● TASK PROMPT
A full, exact copy of the records below is the required answer.
++++ INFORMATION SUPPLIED ++++
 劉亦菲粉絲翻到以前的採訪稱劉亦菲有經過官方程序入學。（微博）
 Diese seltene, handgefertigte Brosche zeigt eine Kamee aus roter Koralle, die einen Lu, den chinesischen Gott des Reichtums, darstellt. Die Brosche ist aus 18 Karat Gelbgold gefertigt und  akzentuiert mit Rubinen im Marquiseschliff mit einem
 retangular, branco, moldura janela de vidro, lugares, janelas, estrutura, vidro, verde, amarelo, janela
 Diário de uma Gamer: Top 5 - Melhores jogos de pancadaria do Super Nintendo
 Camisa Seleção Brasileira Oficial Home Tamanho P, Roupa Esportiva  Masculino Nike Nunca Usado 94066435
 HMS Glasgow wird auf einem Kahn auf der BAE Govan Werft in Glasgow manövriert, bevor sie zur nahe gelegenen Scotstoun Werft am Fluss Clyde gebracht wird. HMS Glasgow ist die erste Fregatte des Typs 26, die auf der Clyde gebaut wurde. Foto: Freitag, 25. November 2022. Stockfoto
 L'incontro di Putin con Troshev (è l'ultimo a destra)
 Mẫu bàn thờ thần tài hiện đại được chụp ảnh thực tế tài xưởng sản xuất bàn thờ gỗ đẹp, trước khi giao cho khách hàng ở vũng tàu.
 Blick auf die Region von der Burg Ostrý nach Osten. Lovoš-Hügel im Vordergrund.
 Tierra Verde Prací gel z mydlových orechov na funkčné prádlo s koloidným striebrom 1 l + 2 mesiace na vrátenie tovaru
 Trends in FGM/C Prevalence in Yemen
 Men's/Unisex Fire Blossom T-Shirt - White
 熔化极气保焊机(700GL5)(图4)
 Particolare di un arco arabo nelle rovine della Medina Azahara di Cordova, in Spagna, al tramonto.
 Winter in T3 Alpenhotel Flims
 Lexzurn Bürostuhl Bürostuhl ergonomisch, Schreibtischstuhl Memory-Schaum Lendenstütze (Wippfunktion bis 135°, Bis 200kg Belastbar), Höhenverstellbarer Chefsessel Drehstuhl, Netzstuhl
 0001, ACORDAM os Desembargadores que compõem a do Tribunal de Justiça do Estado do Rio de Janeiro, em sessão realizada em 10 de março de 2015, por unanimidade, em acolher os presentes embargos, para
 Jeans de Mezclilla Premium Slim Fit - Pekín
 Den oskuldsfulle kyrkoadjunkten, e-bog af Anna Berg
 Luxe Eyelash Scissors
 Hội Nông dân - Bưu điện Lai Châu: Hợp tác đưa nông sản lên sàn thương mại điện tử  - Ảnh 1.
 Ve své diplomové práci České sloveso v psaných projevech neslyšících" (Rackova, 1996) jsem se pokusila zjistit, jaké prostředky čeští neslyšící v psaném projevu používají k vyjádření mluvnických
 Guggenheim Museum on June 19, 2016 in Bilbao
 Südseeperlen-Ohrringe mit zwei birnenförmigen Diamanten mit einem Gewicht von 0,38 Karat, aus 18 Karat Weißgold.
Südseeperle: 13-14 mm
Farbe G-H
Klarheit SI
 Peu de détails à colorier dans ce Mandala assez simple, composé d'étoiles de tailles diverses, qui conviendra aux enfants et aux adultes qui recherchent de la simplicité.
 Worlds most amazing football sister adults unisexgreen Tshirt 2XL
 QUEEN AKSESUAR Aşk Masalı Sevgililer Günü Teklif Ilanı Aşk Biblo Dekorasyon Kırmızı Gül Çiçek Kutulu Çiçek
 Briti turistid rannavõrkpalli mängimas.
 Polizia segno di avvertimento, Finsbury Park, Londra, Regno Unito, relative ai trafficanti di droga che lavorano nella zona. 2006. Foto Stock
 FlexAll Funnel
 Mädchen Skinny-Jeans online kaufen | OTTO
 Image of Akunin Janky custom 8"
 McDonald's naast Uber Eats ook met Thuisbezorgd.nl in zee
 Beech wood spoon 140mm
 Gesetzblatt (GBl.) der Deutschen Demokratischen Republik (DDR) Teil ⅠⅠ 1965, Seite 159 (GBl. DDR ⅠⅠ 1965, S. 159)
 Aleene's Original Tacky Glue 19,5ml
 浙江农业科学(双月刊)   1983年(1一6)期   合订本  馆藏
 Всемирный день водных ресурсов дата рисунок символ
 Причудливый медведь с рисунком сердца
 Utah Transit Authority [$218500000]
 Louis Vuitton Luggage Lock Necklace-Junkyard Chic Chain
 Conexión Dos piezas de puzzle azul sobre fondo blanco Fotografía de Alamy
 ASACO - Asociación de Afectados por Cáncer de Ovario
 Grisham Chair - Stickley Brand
++++
● EXERCISE RESPONSE
 劉亦菲粉絲翻到以前的採訪稱劉亦菲有經過官方程序入學。（微博）
 Diese seltene, handgefertigte Brosche zeigt eine Kamee aus roter Koralle, die einen Lu, den chinesischen Gott des Reichtums, darstellt. Die Brosche ist aus 18 Karat Gelbgold gefertigt und  akzentuiert mit Rubinen im Marquiseschliff mit einem
 retangular, branco, moldura janela de vidro, lugares, janelas, estrutura, vidro, verde, amarelo, janela
 Diário de uma Gamer: Top 5 - Melhores jogos de pancadaria do Super Nintendo
 Camisa Seleção Brasileira Oficial Home Tamanho P, Roupa Esportiva  Masculino Nike Nunca Usado 94066435
 HMS Glasgow wird auf einem Kahn auf der BAE Govan Werft in Glasgow manövriert, bevor sie zur nahe gelegenen Scotstoun Werft am Fluss Clyde gebracht wird. HMS Glasgow ist die erste Fregatte des Typs 26, die auf der Clyde gebaut wurde. Foto: Freitag, 25. November 2022. Stockfoto
 L'incontro di Putin con Troshev (è l'ultimo a destra)
 Mẫu bàn thờ thần tài hiện đại được chụp ảnh thực tế tài xưởng sản xuất bàn thờ gỗ đẹp, trước khi giao cho khách hàng ở vũng tàu.
 Blick auf die Region von der Burg Ostrý nach Osten. Lovoš-Hügel im Vordergrund.
 Tierra Verde Prací gel z mydlových orechov na funkčné prádlo s koloidným striebrom 1 l + 2 mesiace na vrátenie tovaru
 Trends in FGM/C Prevalence in Yemen
 Men's/Unisex Fire Blossom T-Shirt - White
 熔化极气保焊机(700GL5)(图4)
 Particolare di un arco arabo nelle rovine della Medina Azahara di Cordova, in Spagna, al tramonto.
 Winter in T3 Alpenhotel Flims
 Lexzurn Bürostuhl Bürostuhl ergonomisch, Schreibtischstuhl Memory-Schaum Lendenstütze (Wippfunktion bis 135°, Bis 200kg Belastbar), Höhenverstellbarer Chefsessel Drehstuhl, Netzstuhl
 0001, ACORDAM os Desembargadores que compõem a do Tribunal de Justiça do Estado do Rio de Janeiro, em sessão realizada em 10 de março de 2015, por unanimidade, em acolher os presentes embargos, para
 Jeans de Mezclilla Premium Slim Fit - Pekín
 Den oskuldsfulle kyrkoadjunkten, e-bog af Anna Berg
 Luxe Eyelash Scissors
 Hội Nông dân - Bưu điện Lai Châu: Hợp tác đưa nông sản lên sàn thương mại điện tử  - Ảnh 1.
 Ve své diplomové práci České sloveso v psaných projevech neslyšících" (Rackova, 1996) jsem se pokusila zjistit, jaké prostředky čeští neslyšící v psaném projevu používají k vyjádření mluvnických
 Guggenheim Museum on June 19, 2016 in Bilbao
 Südseeperlen-Ohrringe mit zwei birnenförmigen Diamanten mit einem Gewicht von 0,38 Karat, aus 18 Karat Weißgold.
Südseeperle: 13-14 mm
Farbe G-H
Klarheit SI
 Peu de détails à colorier dans ce Mandala assez simple, composé d'étoiles de tailles diverses, qui conviendra aux enfants et aux adultes qui recherchent de la simplicité.
 Worlds most amazing football sister adults unisexgreen Tshirt 2XL
 QUEEN AKSESUAR Aşk Masalı Sevgililer Günü Teklif Ilanı Aşk Biblo Dekorasyon Kırmızı Gül Çiçek Kutulu Çiçek
 Briti turistid rannavõrkpalli mängimas.
 Polizia segno di avvertimento, Finsbury Park, Londra, Regno Unito, relative ai trafficanti di droga che lavorano nella zona. 2006. Foto Stock
 FlexAll Funnel
 Mädchen Skinny-Jeans online kaufen | OTTO
 Image of Akunin Janky custom 8"
 McDonald's naast Uber Eats ook met Thuisbezorgd.nl in zee
 Beech wood spoon 140mm
 Gesetzblatt (GBl.) der Deutschen Demokratischen Republik (DDR) Teil ⅠⅠ 1965, Seite 159 (GBl. DDR ⅠⅠ 1965, S. 159)
 Aleene's Original Tacky Glue 19,5ml
 浙江农业科学(双月刊)   1983年(1一6)期   合订本  馆藏
 Всемирный день водных ресурсов дата рисунок символ
 Причудливый медведь с рисунком сердца
 Utah Transit Authority [$218500000]
 Louis Vuitton Luggage Lock Necklace-Junkyard Chic Chain
 Conexión Dos piezas de puzzle azul sobre fondo blanco Fotografía de Alamy
 ASACO - Asociación de Afectados por Cáncer de Ovario
 Grisham Chair - Stickley Brand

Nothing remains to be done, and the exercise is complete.